NDVI is a commonly utilized spectral metric that reliably characterizes vegetation growth status [21]. The MOD09 dataset, boasting a spatial resolution of 1 km × 1 km and daily temporal resolution, underwent preprocessing to interpolate missing NDVI values caused by cloud cover using the Savitzky–Golay filtering algorithm [22]. This comprehensive approach resulted in a temporally and spatially consistent long-term NDVI dataset. To focus specifically on rice-planted areas, a rice planting area layer sourced from the Resource and Environment Science and Data Center of the Chinese Academy of Science (http://www.resdc.cn) was employed to mask the NDVI data. Additionally, a rice phenology product developed by Luo et al. (available at https://doi.org/10.6084/m9.figshare.8313530 [23]) was incorporated to filter NDVI observations exclusively within the rice growth period. This product provides yearly temporal resolution and a spatial resolution of 1 × 1 km, indicating the day of the year from the transplanting stage to the maturity stage. Figure 2 illustrates the average NDVI variation throughout this period, revealing a range from 0.29 to 0.68.

County-level rice yield data spanning from 2001 to 2020 were sourced from the Rural Statistical Yearbook of the National Bureau of Statistics (RSYNBS) of Jiangsu Province, China (accessible at National Bureau of Statistics of China, http://www.stats.gov.cn/). This study encompasses recorded rice yields from a total of 96 counties. Before utilizing the recorded yield data, it underwent filtering based on several criteria: (1) yields falling outside the biophysically feasible range (specifically, rice yields below 1000 kg/ha or exceeding 15,000 kg/ha were excluded); (2) yields deviating more than three standard deviations from the 2001–2020 average; and (3) counties with rice planting areas under 10,000 ha were also excluded [12,17]. Following this rigorous filtering process, a total of 925 samples remained for analysis. These samples were divided into two sets: 80% for model training and the remaining 20% for testing. Figure 3 illustrates the distribution of rice yields at the county level. As evident from Figure 3a, the rice yield distribution generally follows a normal pattern.

2.3. Methodology

2.3.1. Regression Algorithms

After reviewing previous studies [10,12], we selected four regression algorithms—partial least squares regression (PLSR), support vector regression (SVR), random forest regression (RFR), and back propagation neural network (BPNN)—to model rice yield based on multi-temporal phase NDVI. Using the rice phenology product as a filter, we extracted approximately 109 NDVI dates as potential predictors for rice yield estimation.

(1) Partial least squares regression (PLSR)

The partial least squares regression (PLSR) algorithm is a multivariate statistical analysis method based on principal component analysis (PCA), which combines the characteristics of PCA, canonical correlation analysis, and linear regression analysis. The core objective of the PLSR algorithm is to find a linear regression model between independent variables (predictors) and dependent variables (responses) while addressing the issue of multicollinearity among the independent variables.
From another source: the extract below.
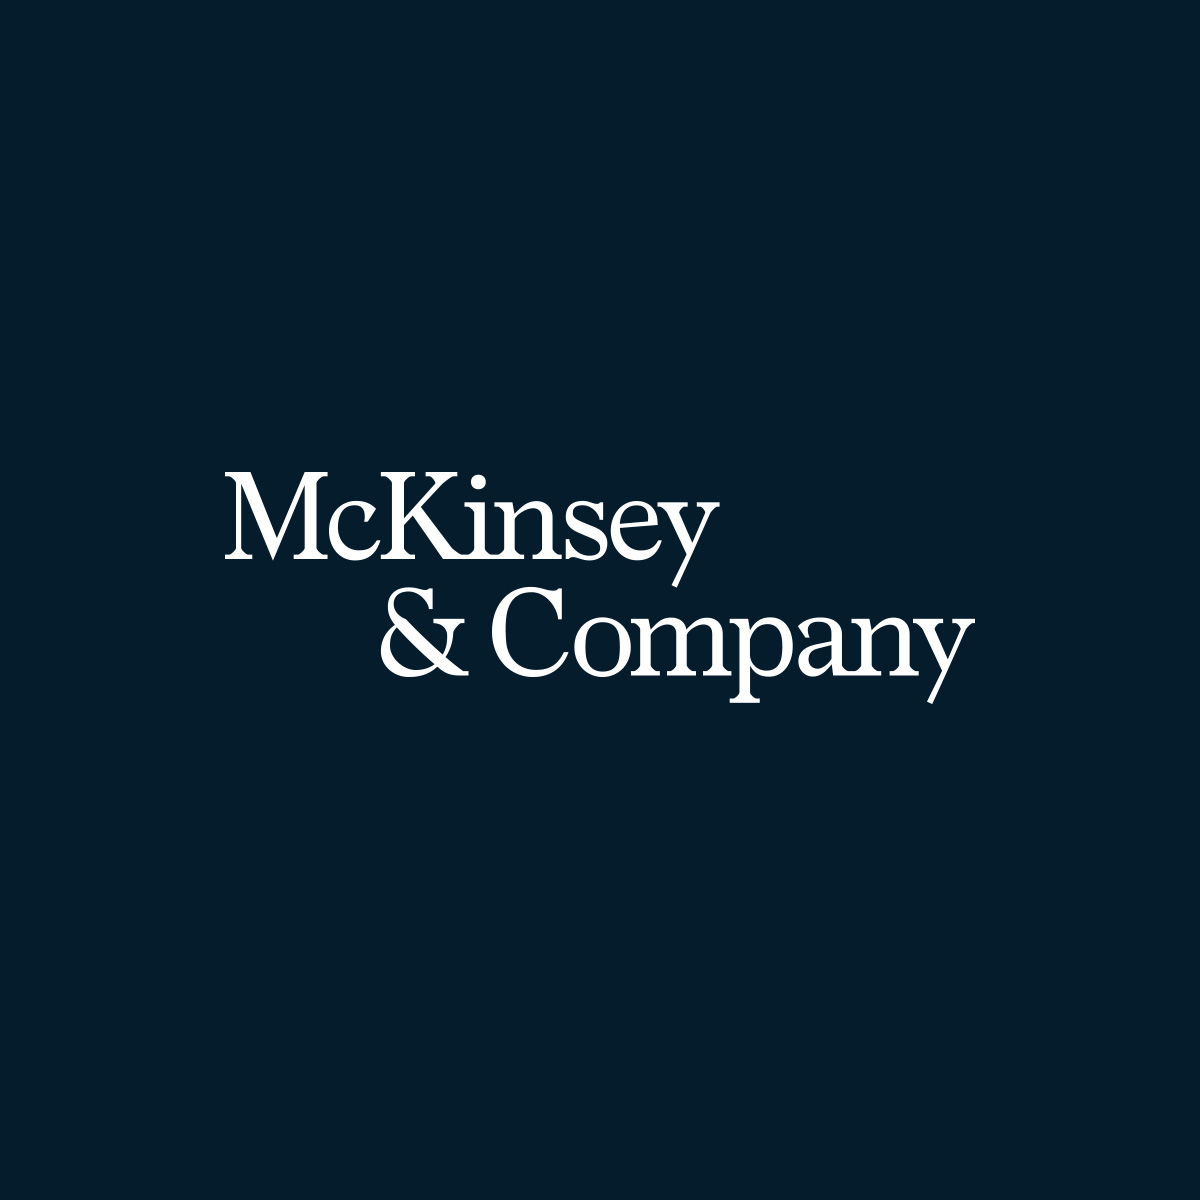 Kontakt Deutschland Mckinsey Company

By projecting the independent and dependent variables onto a new low-dimensional space, the PLSR algorithm reduces the dimensionality of the dataset and extracts the most useful information for prediction. In this process, the algorithm maximizes the covariance between the projected independent and dependent variables to ensure that the extracted principal components best explain the variation in the dependent variable. Specifically, the main steps of the PLSR algorithm include selecting projection directions, calculating projection coefficients, performing regression analysis on the projected variables, cross-validating the regression results, and selecting the best predictive model. Through these steps, the PLSR algorithm can establish a stable and highly accurate linear regression model.
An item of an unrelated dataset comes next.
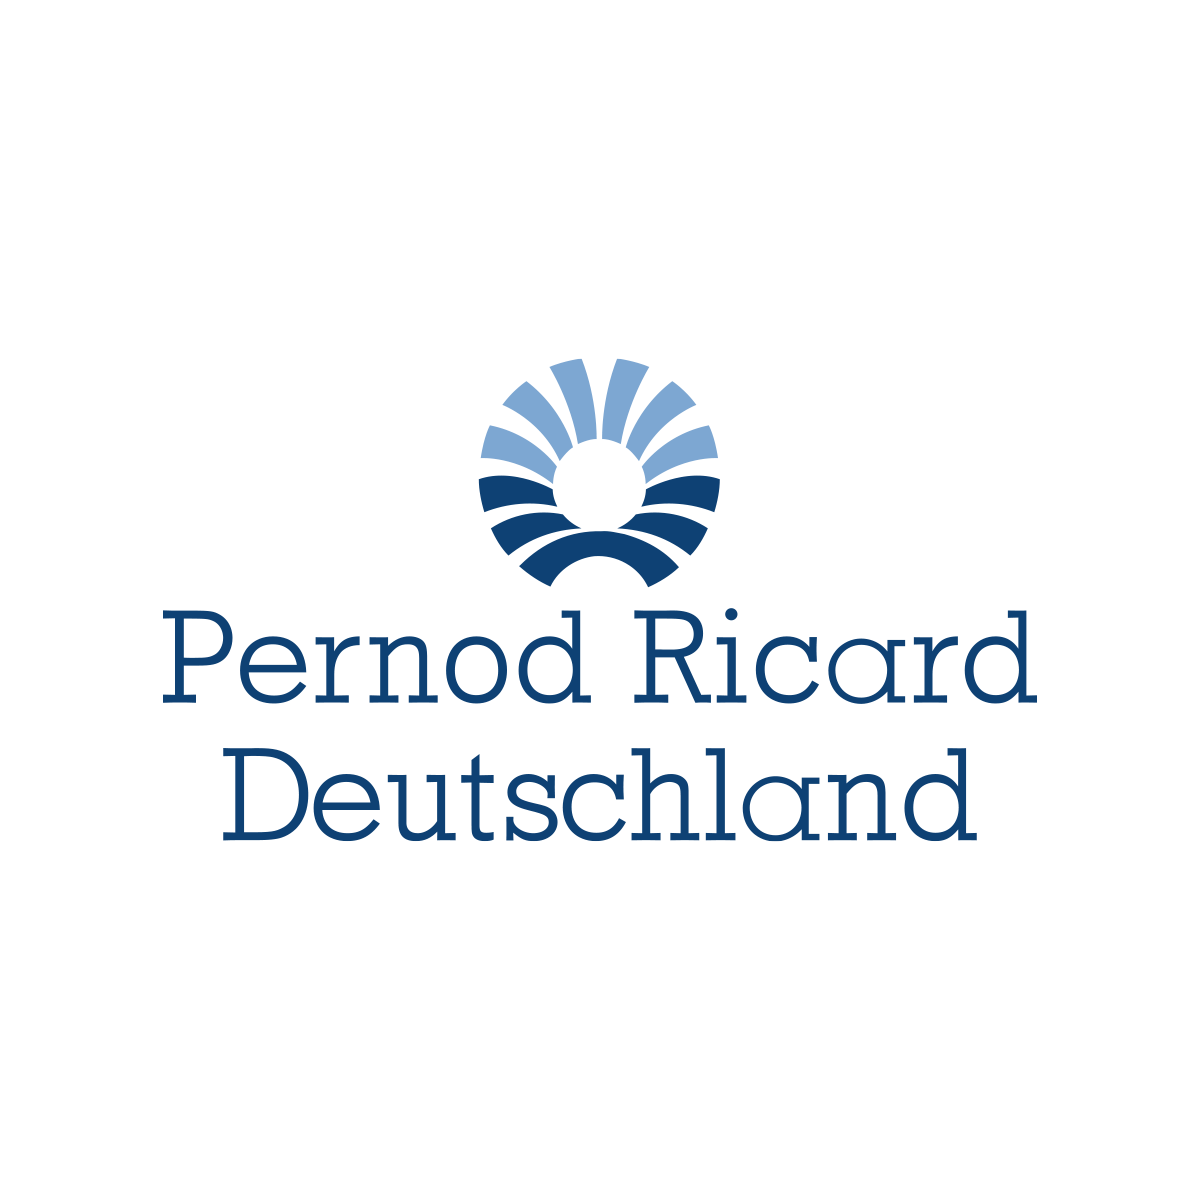 Pernod Ricard Deutschland GmbH

(2) Support vector regression (SVR)

Support vector regression (SVR) is a supervised learning algorithm. The basic idea of SVR is to find an optimal hyperplane in high-dimensional space that best fits the data, such that the distance between the sample points on either side of the hyperplane is minimized, thus achieving regression prediction. Unlike traditional regression models, SVR assumes that there is a certain deviation between the model output and the true output, that is, if the predicted value of the sample falls within a band-shaped region centered on the true output with a certain width interval, it is considered correct. Therefore, the loss function of SVR only calculates the loss of those sample points that fall outside the interval band, thus achieving robustness to noise and outliers.

In SVR, support vectors refer to those sample points that fall outside the margin zone, and they play a decisive role in determining the position and direction of the hyperplane. Because SVR only focuses on sample points outside the margin zone, the number of support vectors is usually much smaller than the number of sample points required by traditional regression models, which makes SVR have better performance in handling high-dimensional data and large-scale datasets.

(3) Random forest regression (RFR)

Random forest regression (RFR) is an ensemble learning method based on regression trees. Regression trees are a type of decision tree that uses tree models for regression problems. In a regression tree, each leaf node represents not a category but a predicted value. This predicted value is usually the mean of the samples contained in the leaf node. The construction process of regression trees involves continuously partitioning the dataset according to a certain feature so that the variance of the partitioned subsets is as small as possible, that is, the data are distributed as close as possible to the mean. This process is repeated until a certain stopping condition is met, such as the change coefficient of a branch being less than a certain value or the number of elements contained in the current node being less than a certain value. Finally, each leaf node outputs a predicted value, which is the output mean of the training set elements contained in that leaf node. RFR obtains the final regression result by constructing multiple decision trees and averaging or weighted-averaging their prediction results.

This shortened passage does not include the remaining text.